*THE PROBLEM*
Give again, exactly as written, the lines of the records below from the line with "Sunwise Windrush Sunglasses Black" to the line with "line sketch of man's head". Both end lines count; pictures do not.

+++ AVAILABLE DATA +++

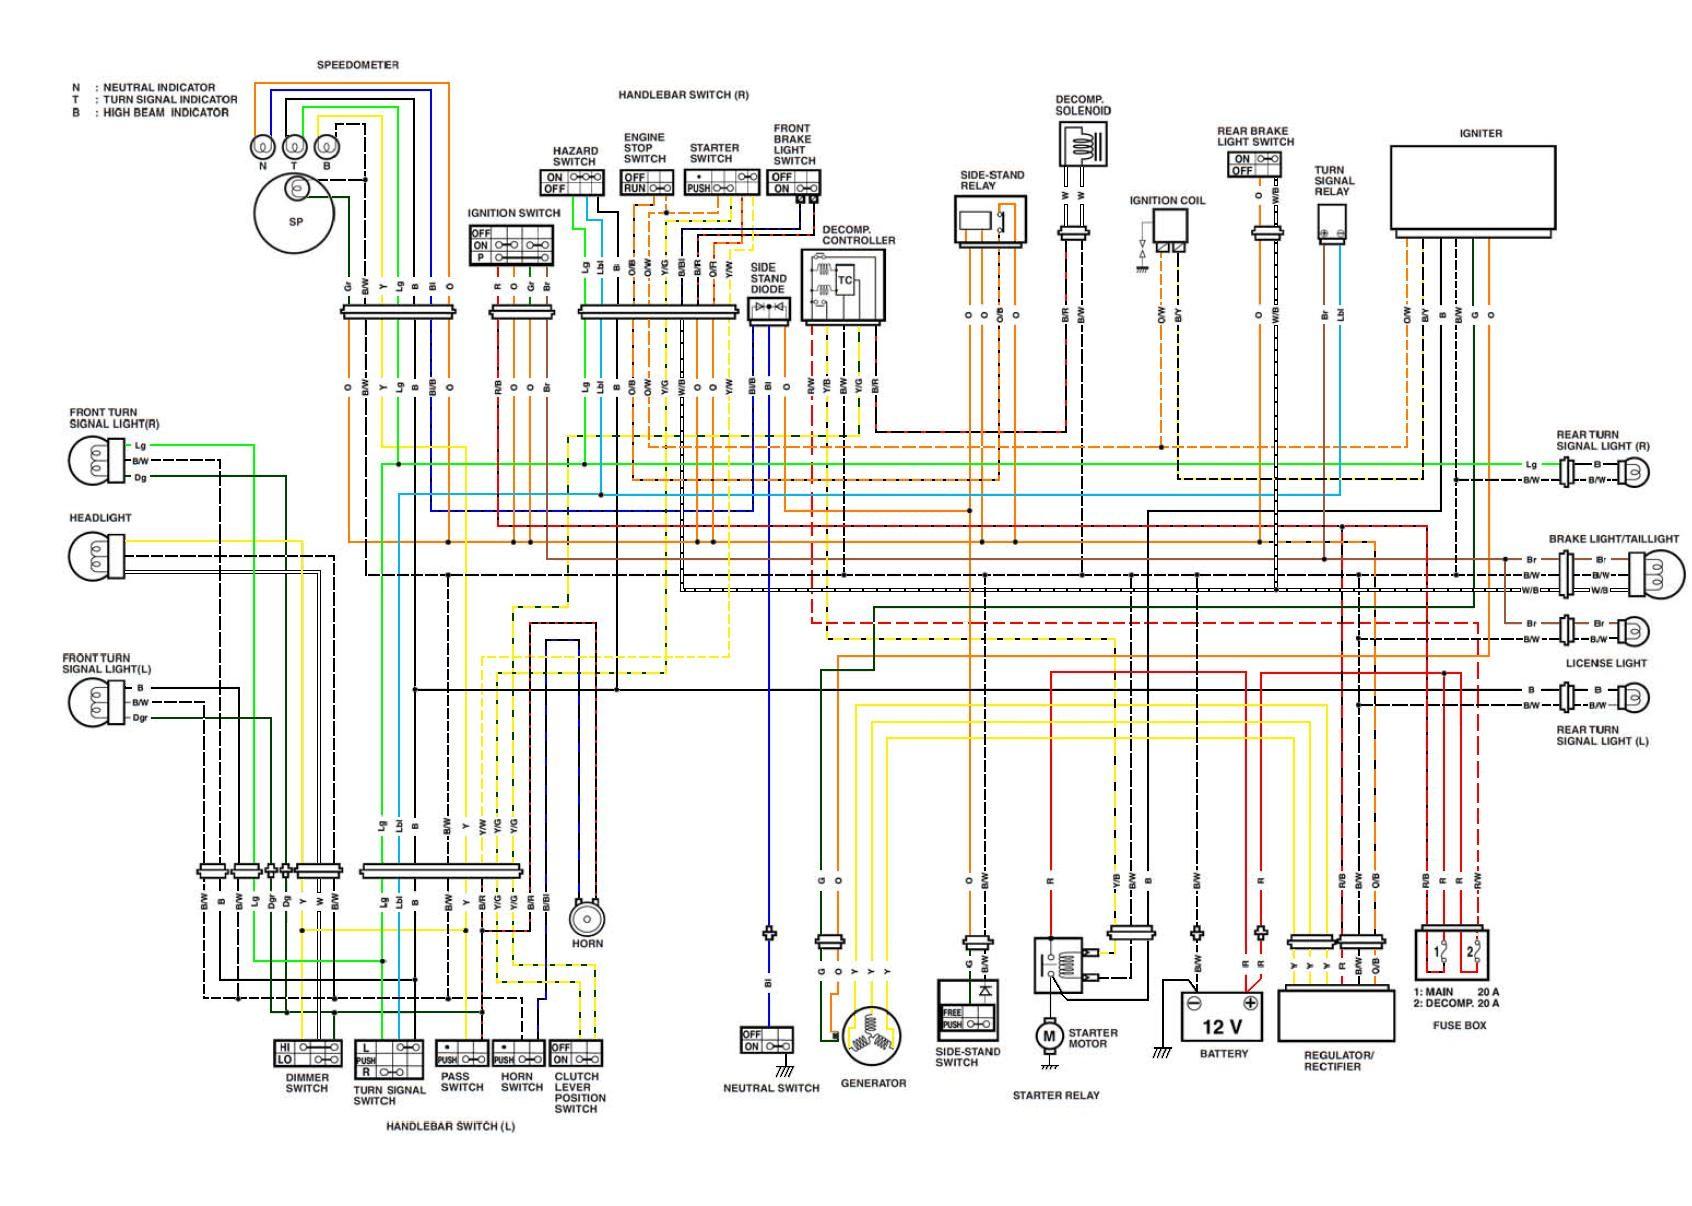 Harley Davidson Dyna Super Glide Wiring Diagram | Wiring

+++
+++ AVAILABLE DATA +++

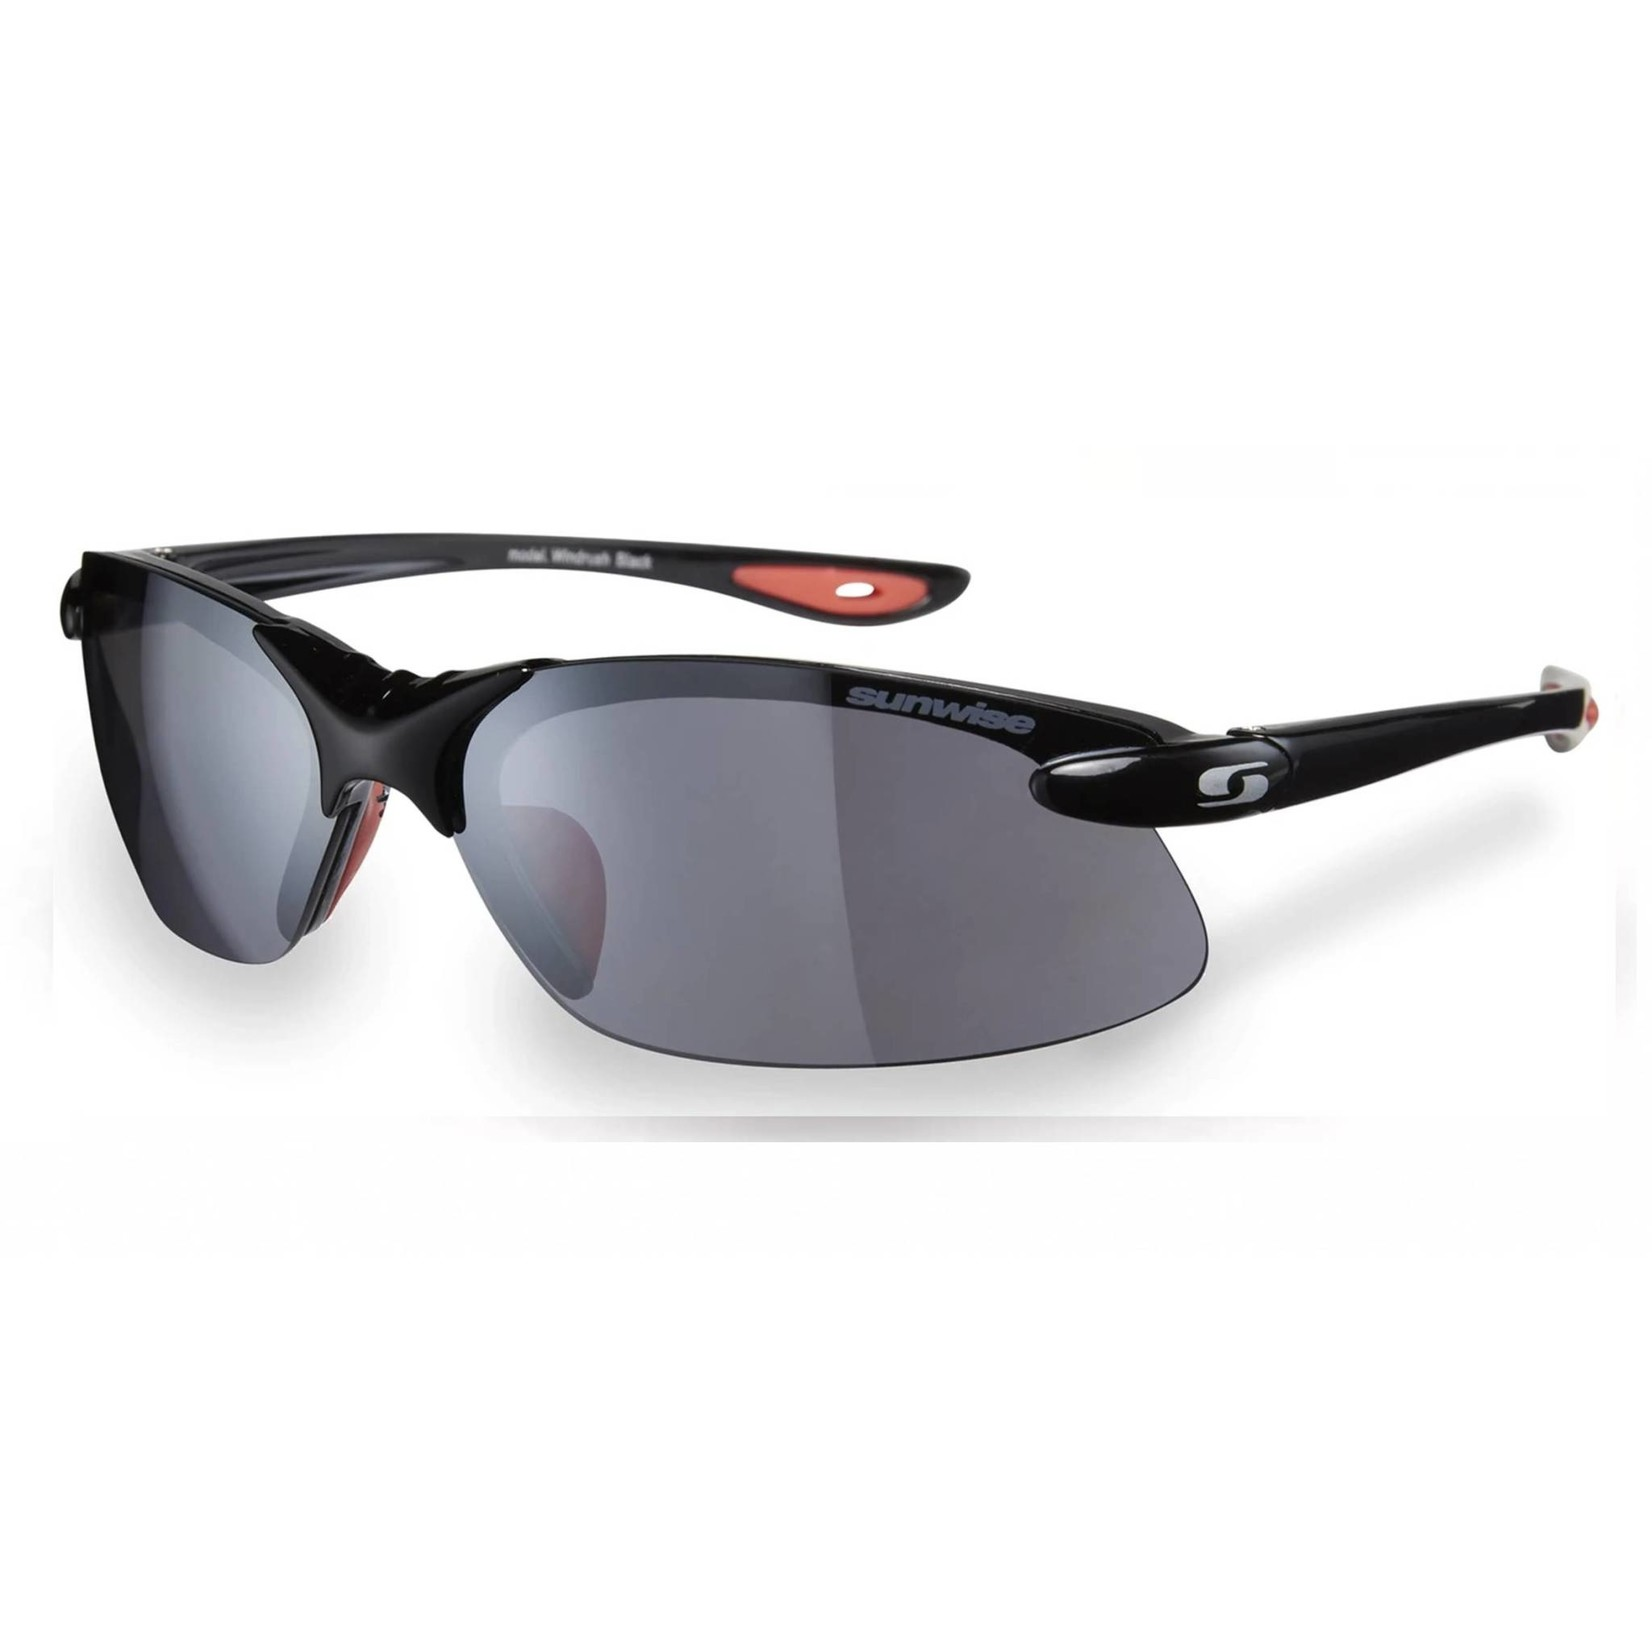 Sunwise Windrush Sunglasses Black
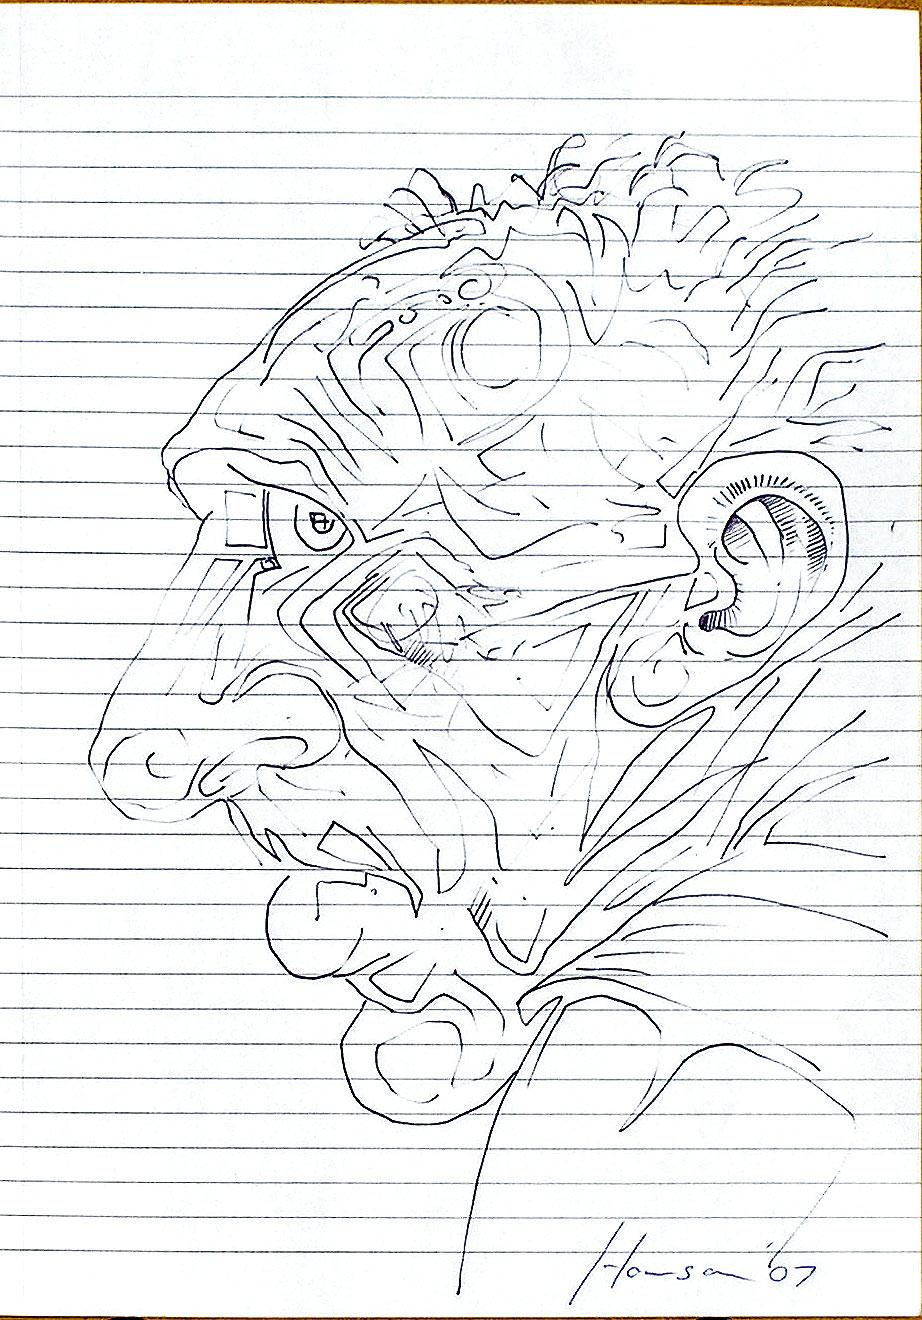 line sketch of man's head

+++

*THE COMPLETED TASK*
 Sunwise Windrush Sunglasses Black
 line sketch of man's head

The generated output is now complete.